21 Cal. App. 5th 390
Cal. Ct. App. 5th2018Background
- Plaintiff George Corley, a 58-year-old former division chief, sued the San Bernardino County Fire Protection District for age discrimination under FEHA after his February 2012 termination; jury found age was a substantial motivating reason and awarded lost earnings.
- Trial court entered judgment for Corley: $597,629 damages, $853,443 attorney fees, $40,733 costs.
- Corley was reassigned in 2011 to a less familiar region; evidence suggested reassignment and termination were intended to encourage retirement.
- District cited "incompatibility of management style" as the reason for termination; Corley presented evidence this was pretext (no progressive discipline, reasons asserted only after suit, altered promotion qualifications to hire a younger replacement, salary savings).
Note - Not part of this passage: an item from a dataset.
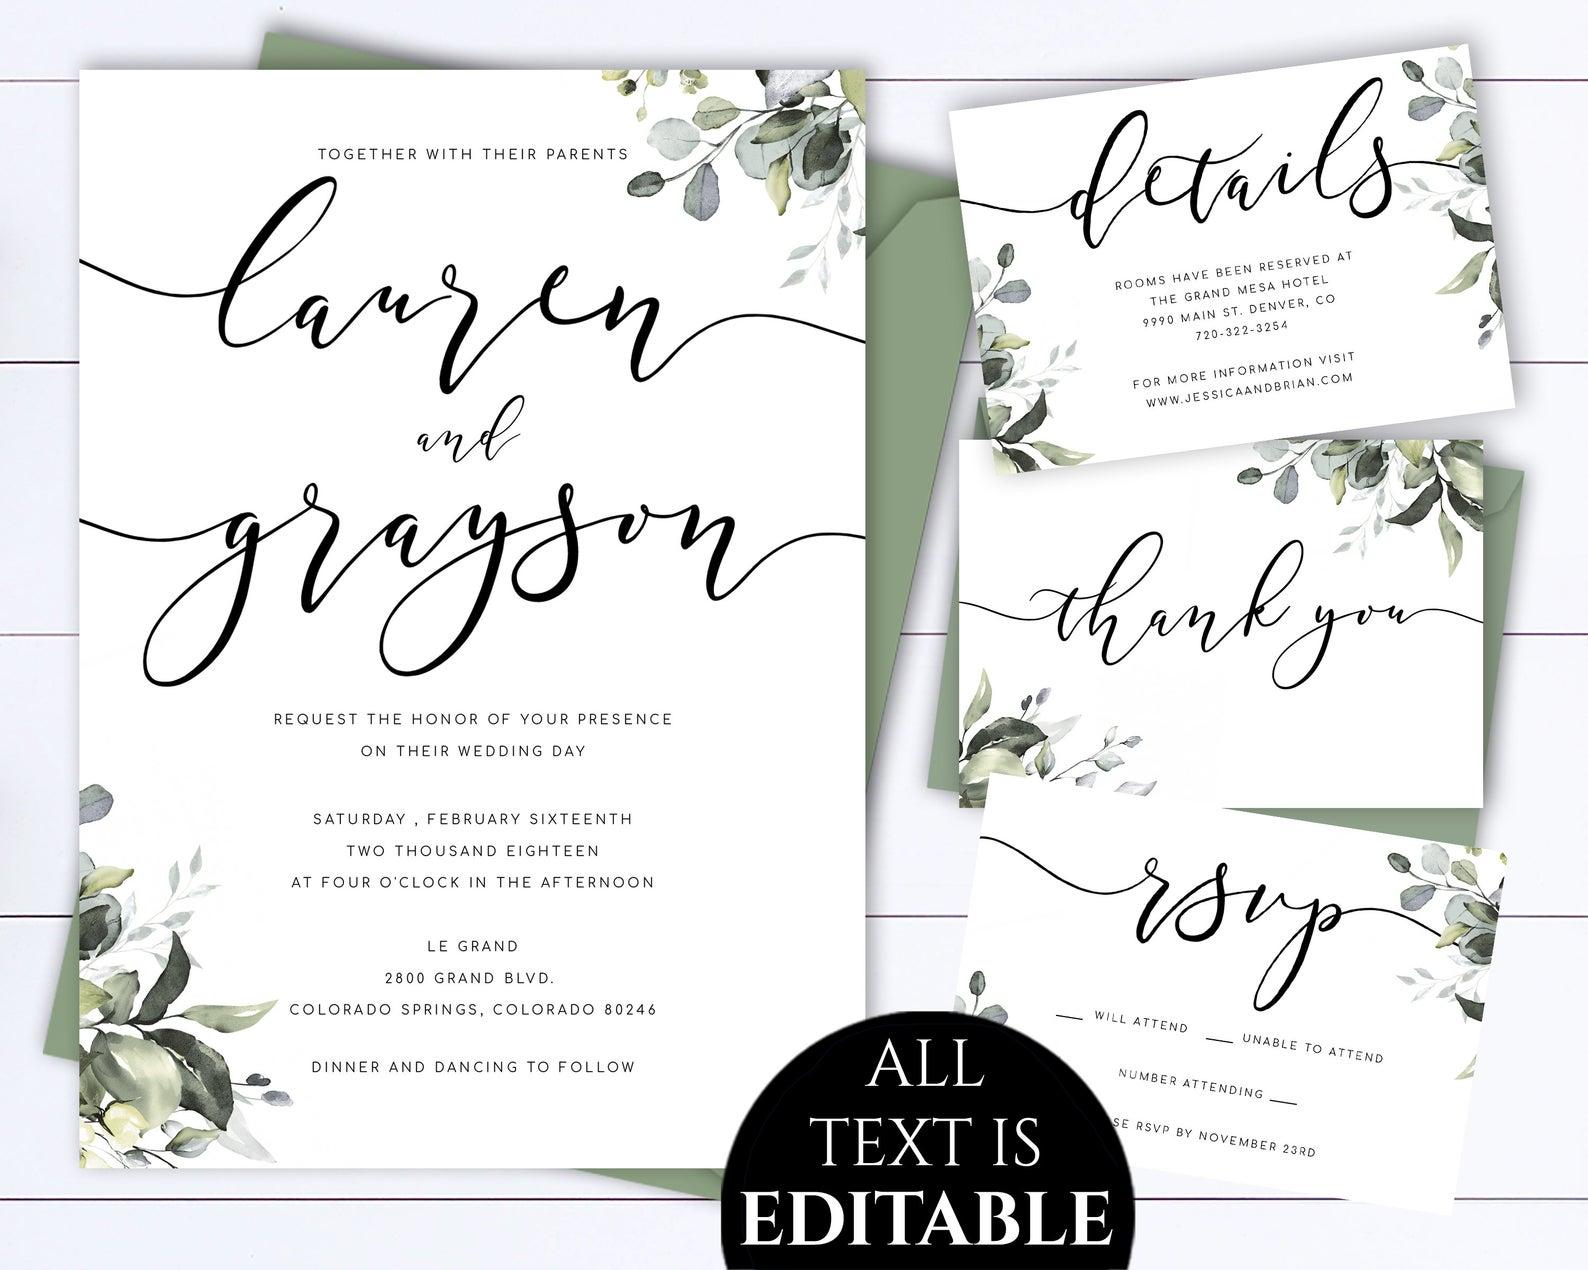 minted memories wedding invitations

- District requested a jury instruction modeled on Gov. Code § 3254(c) (Firefighters' Procedural Bill of Rights) concerning removal of a "fire chief;" the trial court refused and removed the instruction.
- Court of Appeal affirmed, holding the § 3254(c)–based instruction inapplicable because the provision applies to a jurisdiction's lead "fire chief," and Corley was a division chief.
Issues
| Issue | Corley (Plaintiff) Argument | District (Defendant) Argument | Held |
|---|---|---|---|
| Whether the trial court erred by refusing the § 3254(c)-based jury instruction | Instruction inapplicable because § 3254(c) pertains to the lead fire chief, not division chiefs | § 3254(c) should apply (or at least its language is relevant) to Corley as a chief and supports District’s lawful-cause theory | Affirmed: § 3254(c) construed to apply to a jurisdiction’s lead fire chief; instruction properly refused |
| Whether § 3254(c) language (indefinite article "a fire chief") implies broader application to all chiefs | § 3254(c)’s text and context indicate it targets the head fire chief; legislative history aligns with POBOR intent | The indefinite article "a" shows a generic application to any person holding a chief title (including division chiefs) | Held for Corley: statutory context and POBOR parallel show the provision targets the singular office of a jurisdiction’s fire chief, not all chiefs |
| Whether refusal to give the instruction was harmless or redundant given other instructions (e.g., business judgment) | Trial court’s business-judgment instruction covered employer decision latitude; § 3254(c) not needed | Instruction was necessary to rebut pretext evidence and show permissive reasons for removal | Court did not need to decide harmlessness because instruction was inapplicable; affirmed |
| (Other claims summarized) Sufficiency of evidence on promotion/damages and attorney-fee multiplier challenges | Corley relied on evidence that he would have been promoted but for discrimination; justification for fee multiplier supported | District argued insufficient evidence and abuse of discretion on fees | Unpublished portions: Court found no reversible error on those claims; judgment affirmed |
Key Cases Cited
- Soule v. Gen. Motors Corp., 8 Cal.4th 548 (trial court must give correct, nonargumentative instructions supported by substantial evidence)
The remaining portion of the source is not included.